There are 100 things I’d rather do than hold a baby. Catch a rooster. Ride a horse. Fly fish. Camp. Have a philosophical conversation. Discover a new Excel formula. Drink a beer. Dance. Listen to accounting podcasts.  Eat sushi. Hike a mountain. Reconcile bank accounts. Jump in a lake.  

This is a concept I have struggled with for years. I became a Christian in college. Having grown up in a non-traditional home, I wanted to push against the ideas of feminism my mother held.

To me being a ‘good Christian’ woman meant that I was to love babies. Be a nurturer, a quiet servant, a wife and a mom.

Forcing myself into situations with children, I prayed I could change this piece of who I was. I volunteered in the newborn room at church, surrounded solely by gentle women.

Travelling overseas, I would raise my hand first to sit with a baby. I wanted to transform this side of myself, afraid I would be found out by the Christian community I so desired to fit into.  

But the more I forced it upon myself, the more I came to realize,

Holding babies did not make me woman. Did not make me a follower of Jesus.  

I delighted in sitting with that 90-year-old woman with Alzheimer’s. Holding her tissue paper hands, wiping the droll from her lips, being still with her for hours. The end of life being no less holy than the beginning.

So why do I feel as if I’m still not enough, that in order to be truly woman I must ogle over every baby I see? Even my first two babies brought anxiety. With the loss of our first, I was terrified of anything bad happening to my newborns. I held them at arms-length, often allowing my anxiety to overtake my joy.
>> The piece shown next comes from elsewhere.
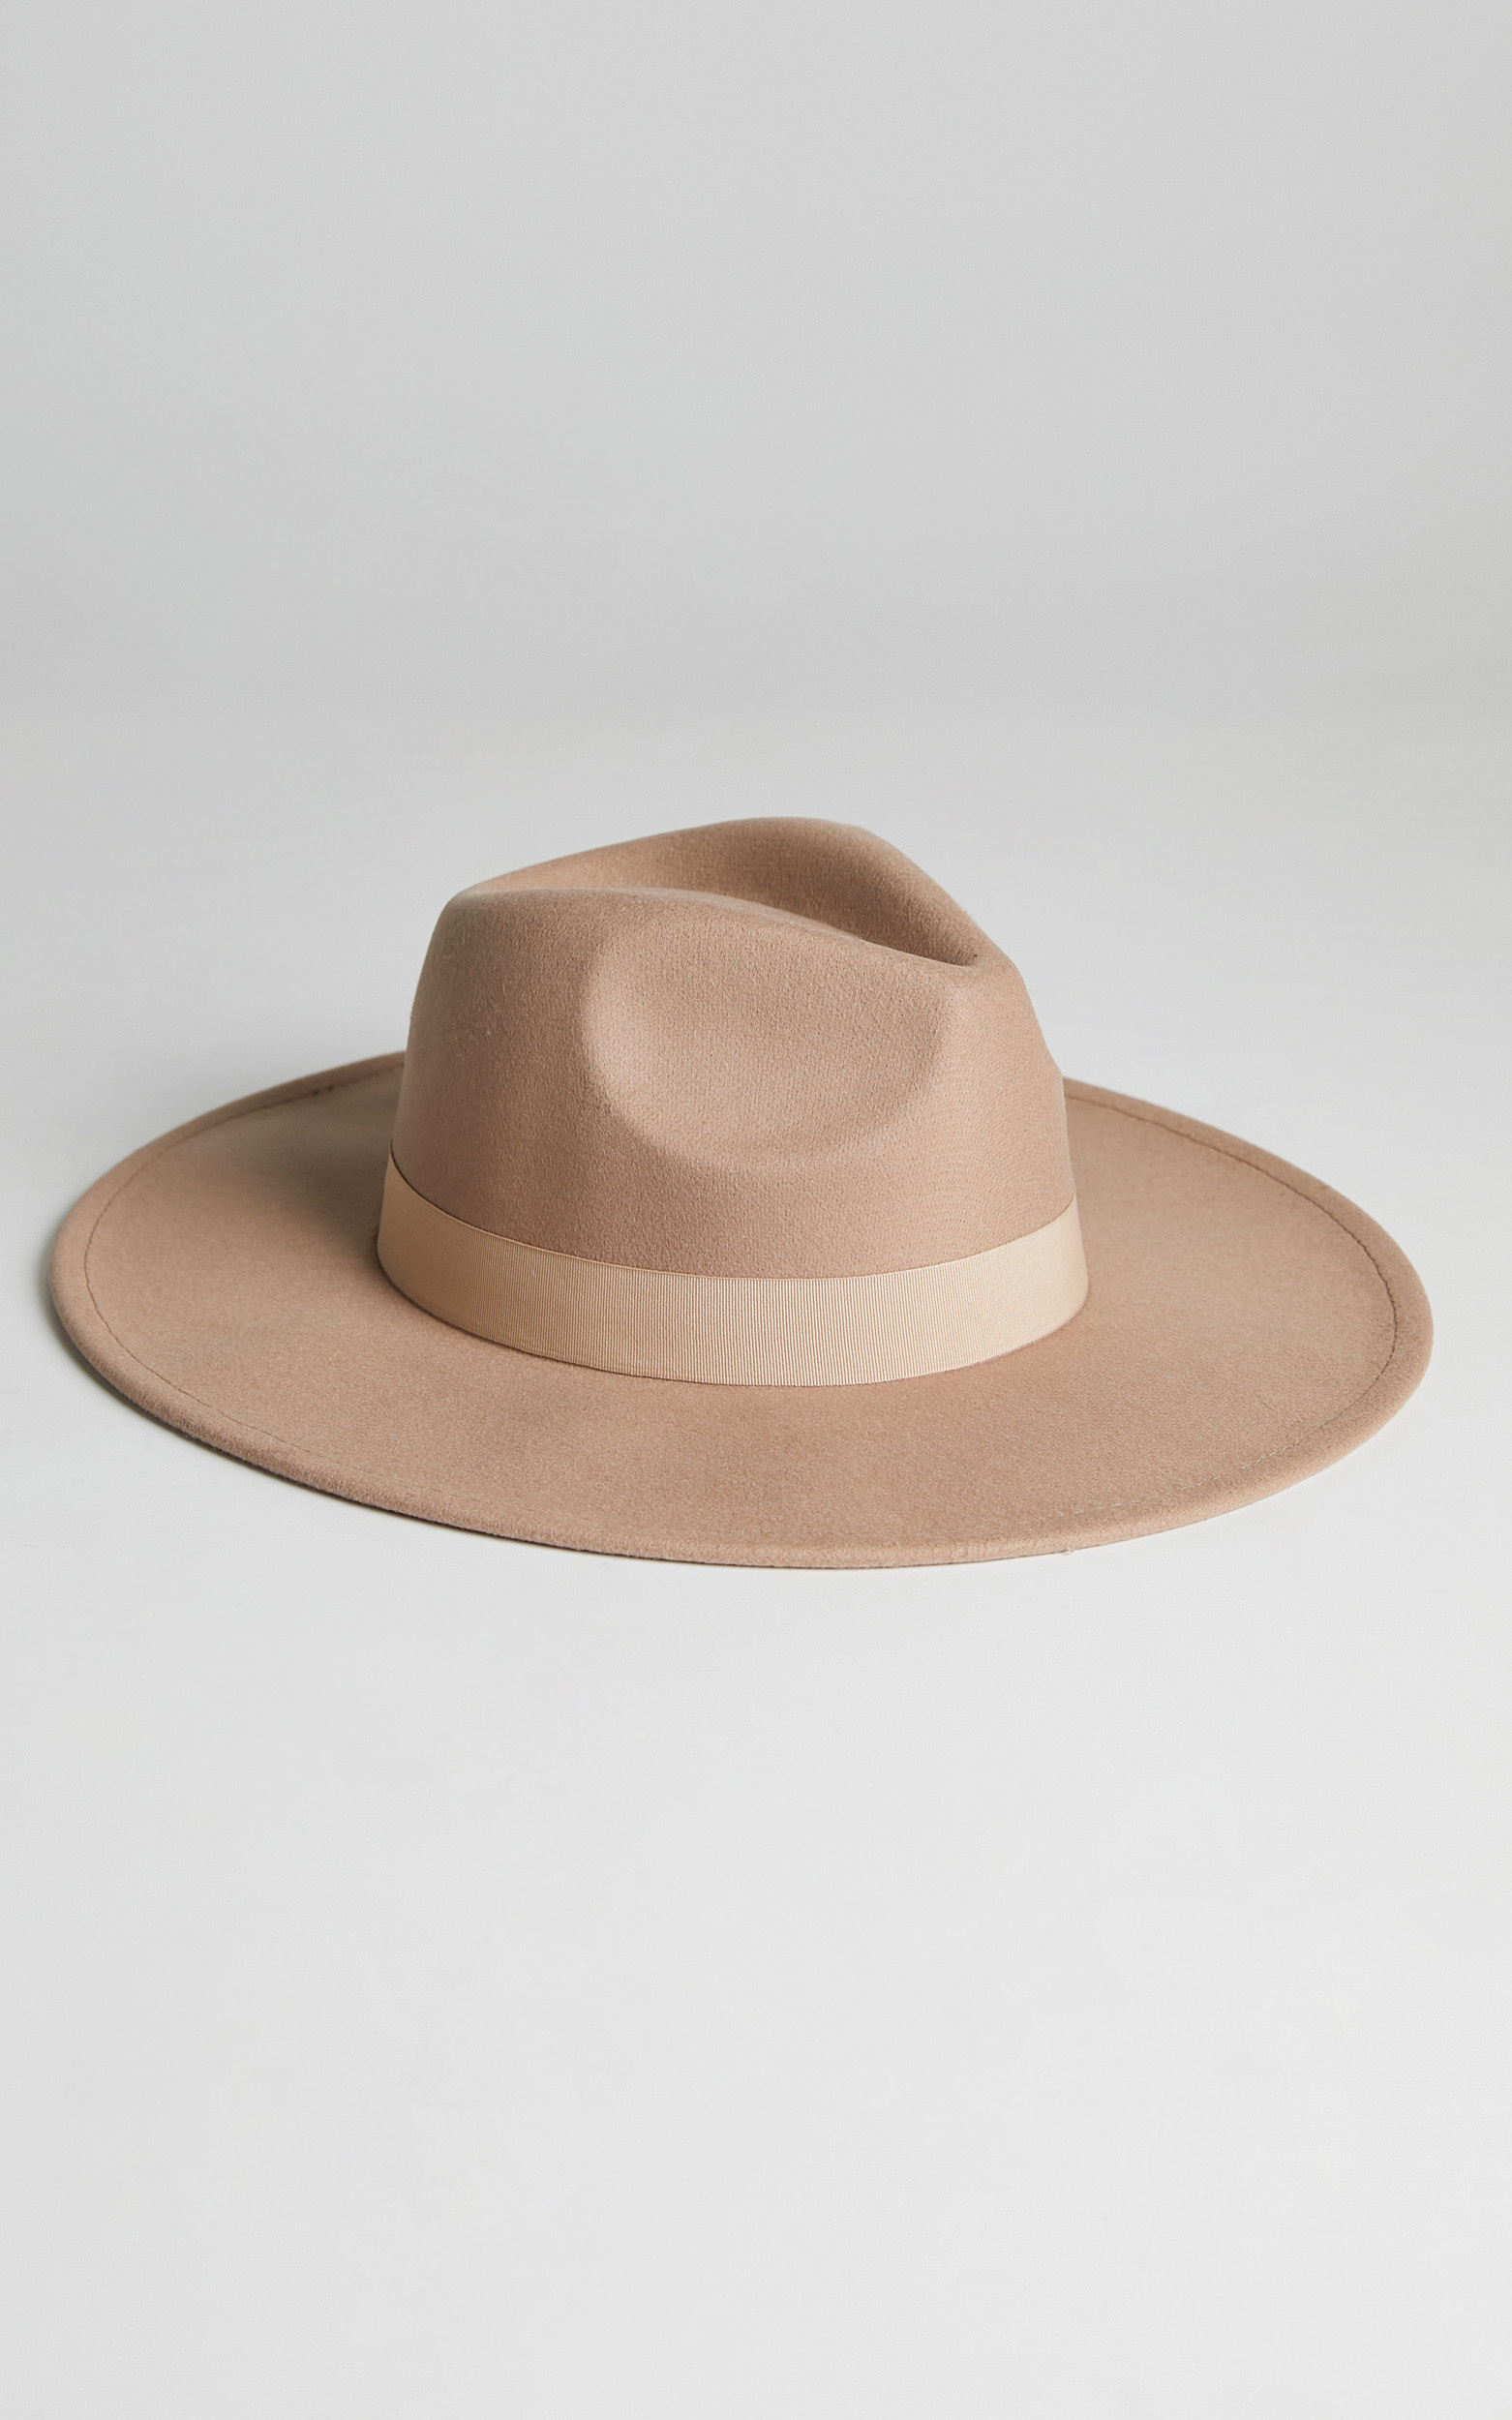 Jazmyne Hat in Milk Chocolate - OneSize, BRN2, hi-res image number null

It wasn’t until they were sitting up, laughing at me, that I was able to take a breath. Even here I feel I must insert the disclaimer; of course, I LOVED my babies, having that nurse place my newborns on my chest for the first time are moments I hold most dear.

But I also feel that as women we have specific expectations placed upon us.

Often childless women are questioned while their male counterparts are living successful lives.

When my husband would take our newborns out, strapped to his chest, frequently people would complement his fatherhood. I never received the same acknowledgment.

So here I am, a mother of two, releasing myself from the expectations placed upon me.

I am woman. I am mom. I am enough. This, my inner secret I release.